Law of Revocation of Acceptance under the Uniform Commercial Code
Recent Case Development
Applicability to Aircraft Deliveries


Aircraft manufacturers and sellers of used aircraft typically require buyers to sign an acceptance certificate at the time of delivery of the aircraft. These acceptance certificates may include language stating that the buyer irrevocably accepts the aircraft, or that the buyer expressly waives any right it may have to revoke its acceptance of the aircraft later. A recent decision of the US Court of Appeals for the Eighth Circuit calls into question whether such language in a contract, when considered in the context of the course of the parties' performance under the agreement, may actually prevent a buyer from later exercising its right to revoke acceptance pursuant to Section 2-608 of the Uniform Commercial Code. 

Law of Revocation of Acceptance under the Uniform Commercial Code

Section 2-608 of the code provides that a buyer may revoke acceptance of a commercial unit whose non-conformity substantially impairs its value to the buyer if the buyer has accepted it (i) on the reasonable assumption that its non-conformity would be cured and it has not been seasonably cured, or (ii) without discovery of such non-conformity, if the buyer's acceptance was reasonably induced by the seller's assurances.(1) 

Regarding aircraft delivery, Section 2-608 is relevant in a variety of situations, including if (i) the aircraft is delivered with a latent defect that is impossible to discover until after acceptance, or (ii) the aircraft is accepted with known defects because the seller has made assurances that the defects are not material or will be cured some time after delivery. Unless there is an affirmative waiver of the right to revoke, Section 2-608 allows the buyer to revoke its acceptance and sue for all remedies available under the code, or as otherwise provided for under the contract.

Aircraft sellers often mitigate the effect of Section 2-608 by including language in the acceptance certificate to the effect that the acceptance is irrevocable or that the buyer expressly waives its right to revoke acceptance of the aircraft later. However, the Eighth Circuit decision analyzed below raises a question as to the ultimate effectiveness of such language.

Recent Case Development

Trinity Products, Inc v Burgess Steel, LLC(2) involved a commercial dispute stemming from the defective fabrication of a tower designed for installation on a Manhattan skyscraper. Burgess hired Trinity to fabricate two towers for installation on the skyscraper. Beginning with Burgess's initial review of the tower prior to shipment to Manhattan, and continuing until post-installation, Burgess identified and notified Trinity of potential warping defects in the tower installation plate. The defect eventually necessitated removal of the first tower and fabrication of a new replacement tower by Trinity, at a substantial cost to both Trinity and Burgess.

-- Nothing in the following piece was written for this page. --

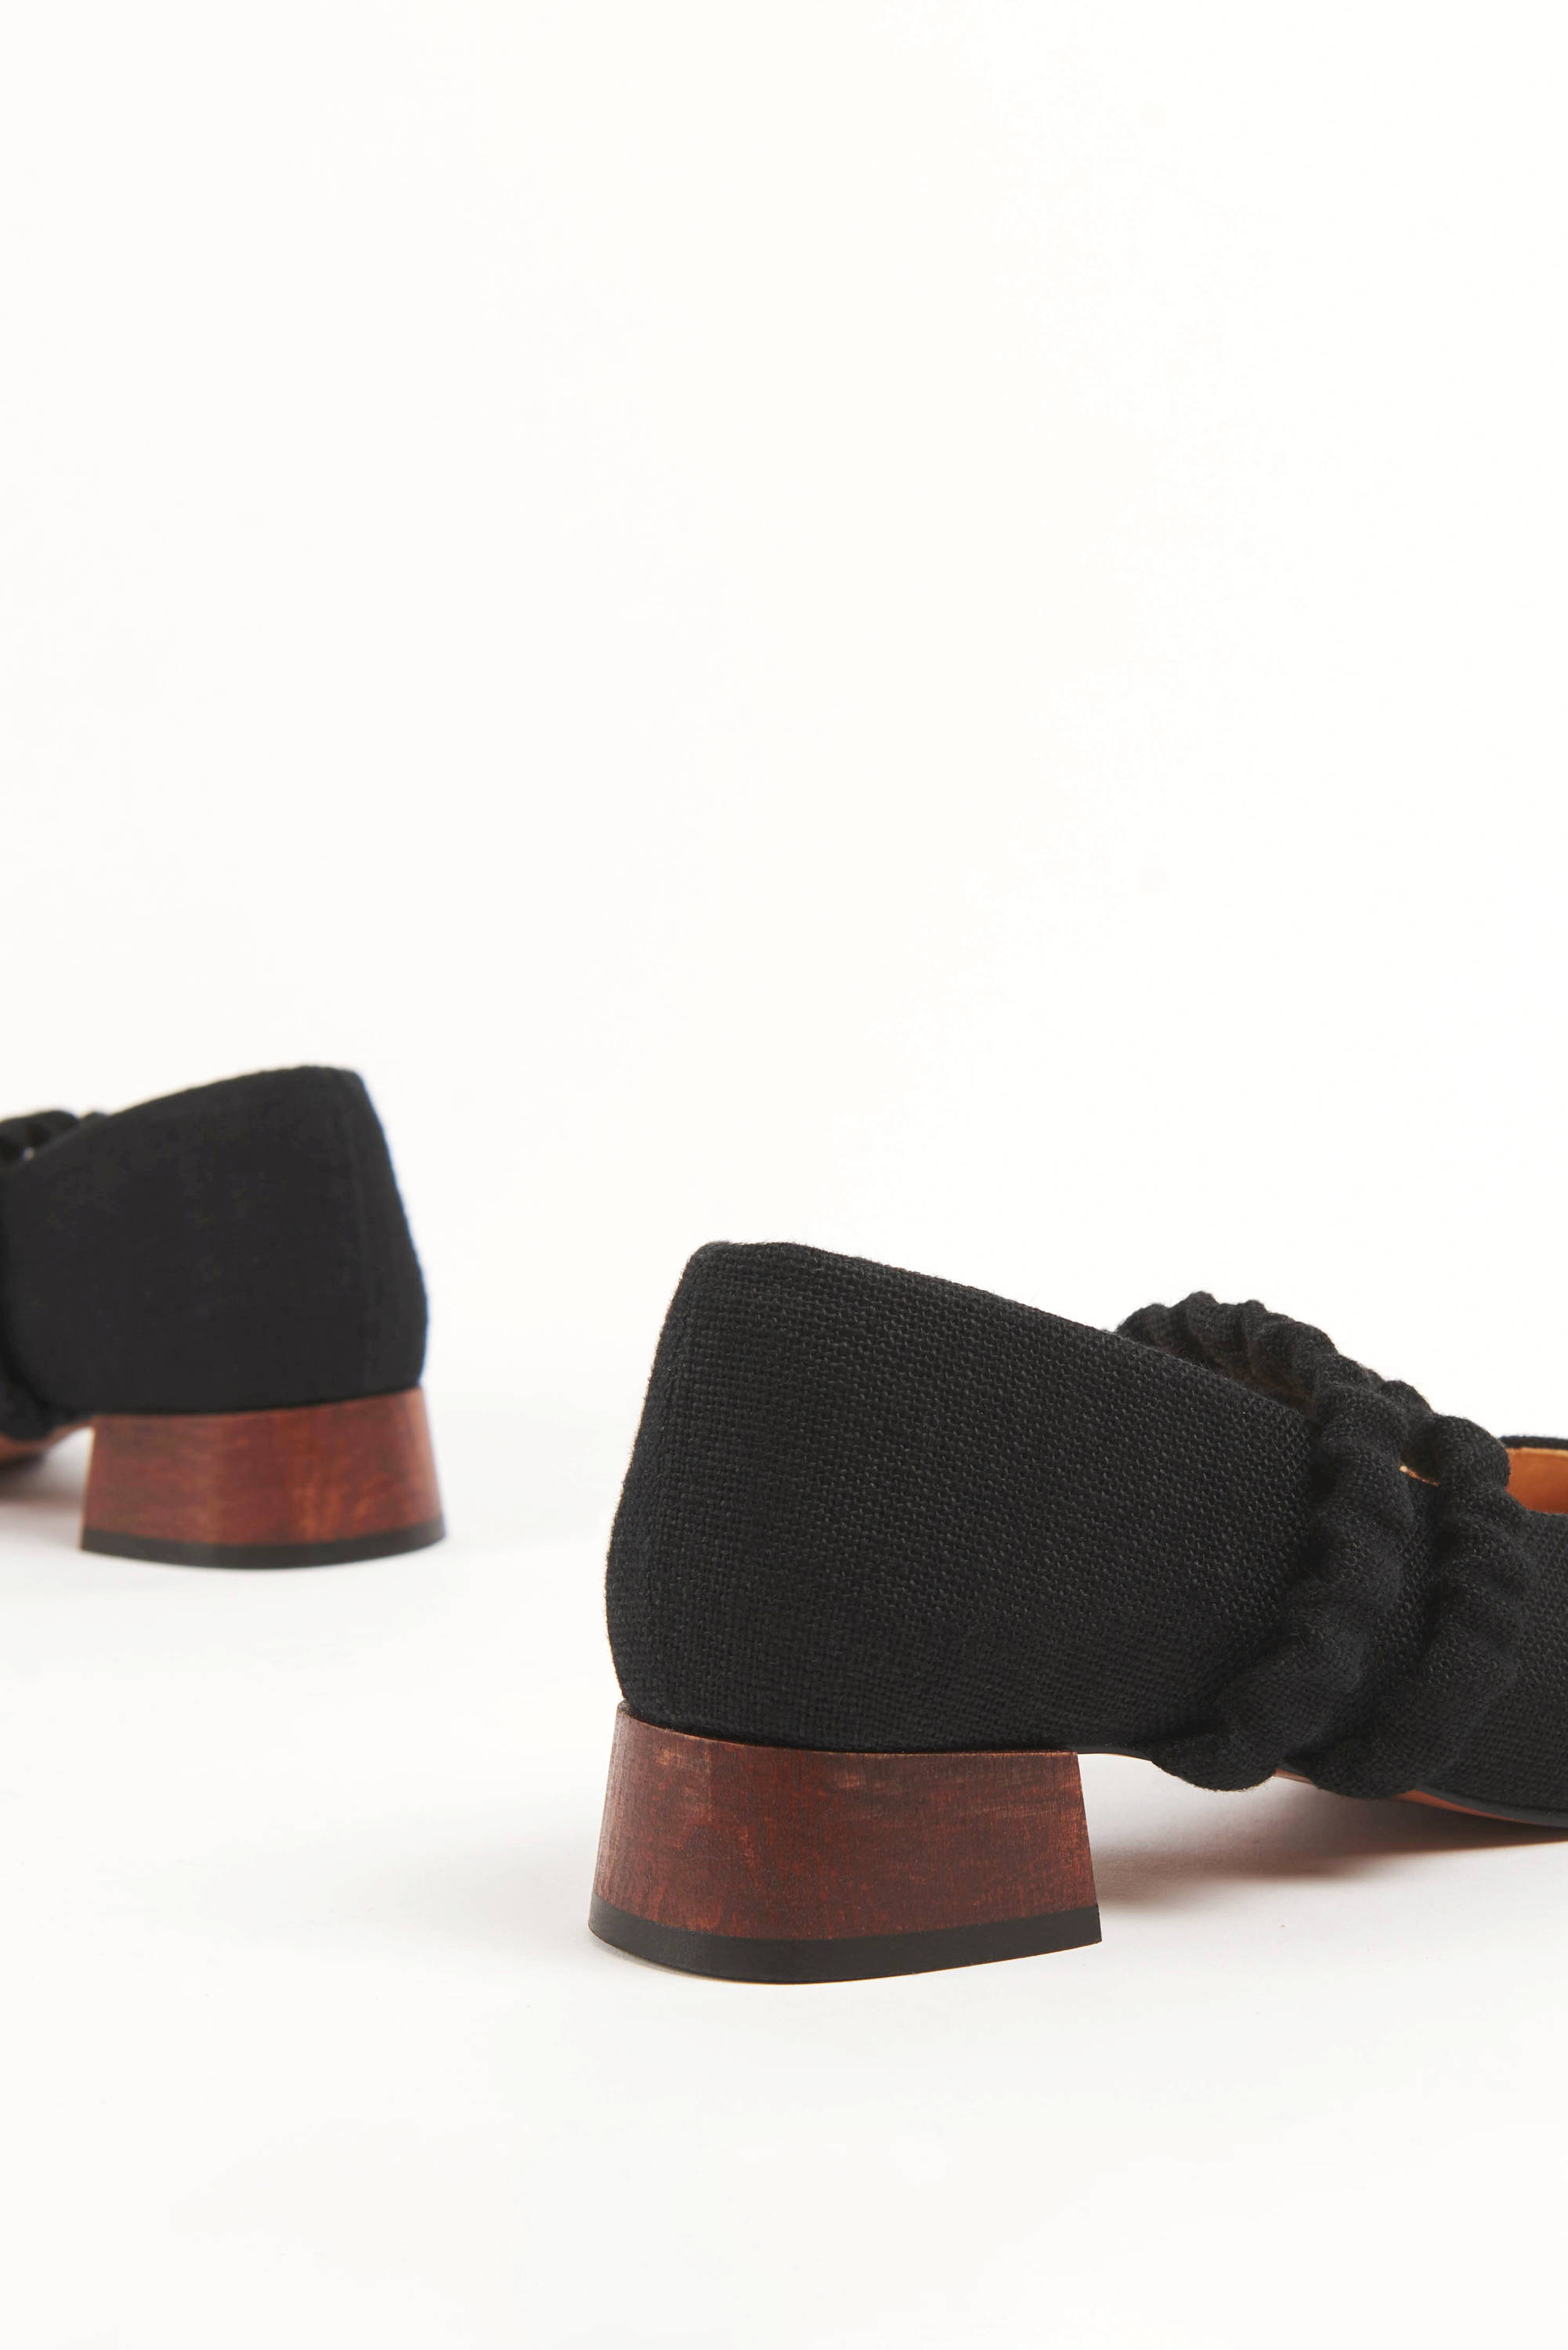 Closeup of Vandrelaar Ruth mary-jane pumps in black linen with elegant block wooden heel
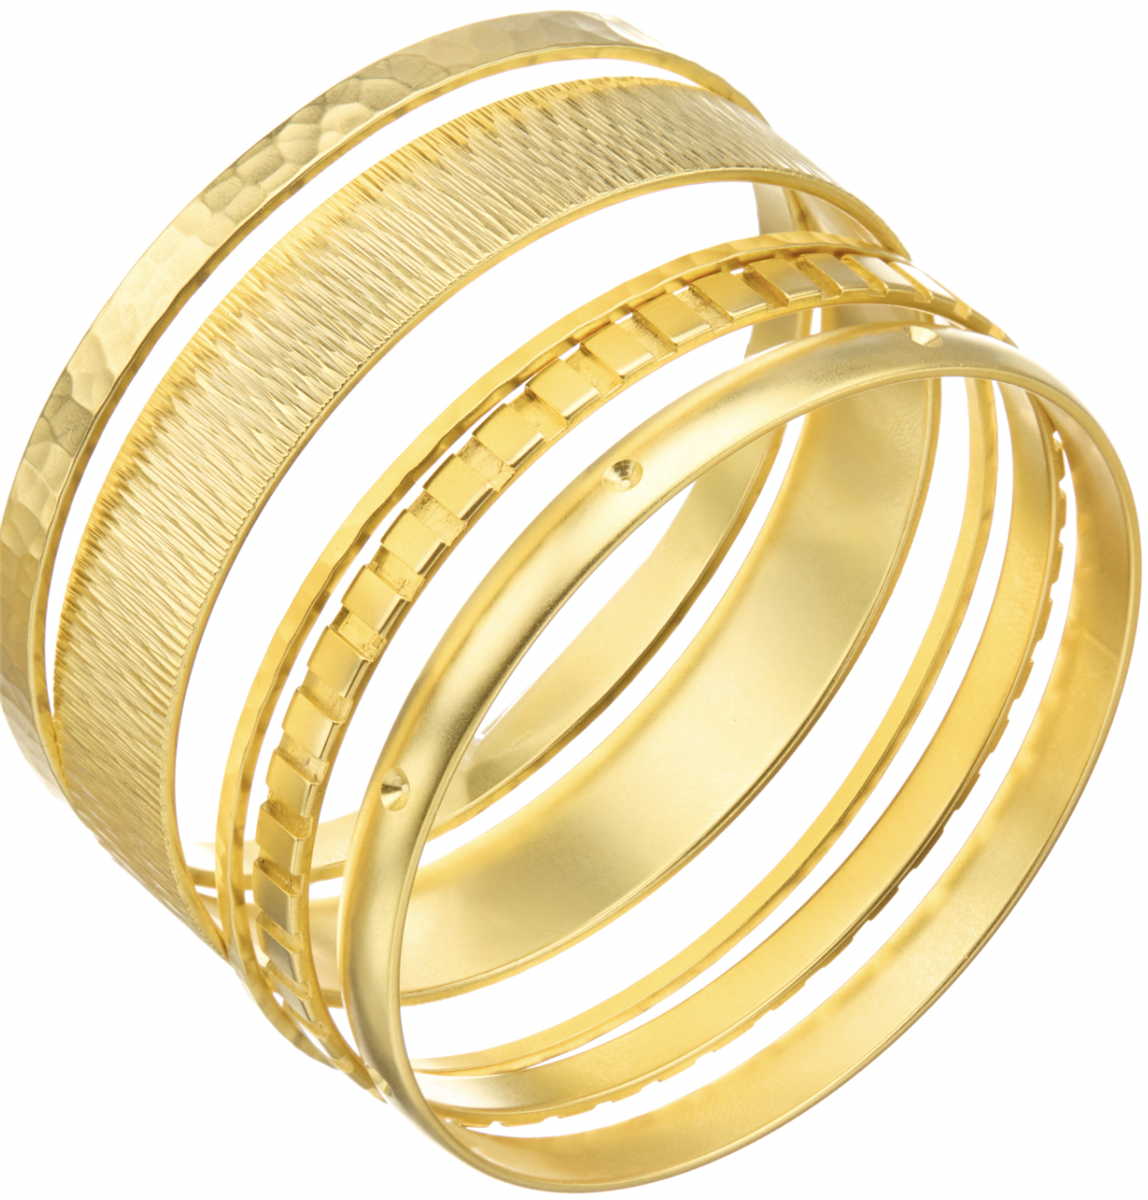 4 Indian Bangles Set, 22k Gold Plated, 4 Bangles Set, Traditional Indian,  Wedding Bangles, Bracelet Set, Kadas, Mix N Match - Etsy | Gold bangles  design, Solid gold bangle, Gold bangles for women

Trinity sued Burgess in the Missouri courts and Burgess asserted counterclaims against Trinity. The principal focus of the parties' claims and counterclaims was with respect to the first tower that was delivered to the Manhattan job site, erected and then rejected by Burgess as unacceptably defective. 

The district court granted summary judgment dismissing Burgess' counterclaims on the grounds that Burgess did not assert its breach of contract claim in the five-day time period required by the contract. A clause of the Trinity-Burgess sales contract stated "[a]ny claim(s) for damaged or incorrect material must be made in writing within five (5) days of receipt of material to be considered valid".(3) 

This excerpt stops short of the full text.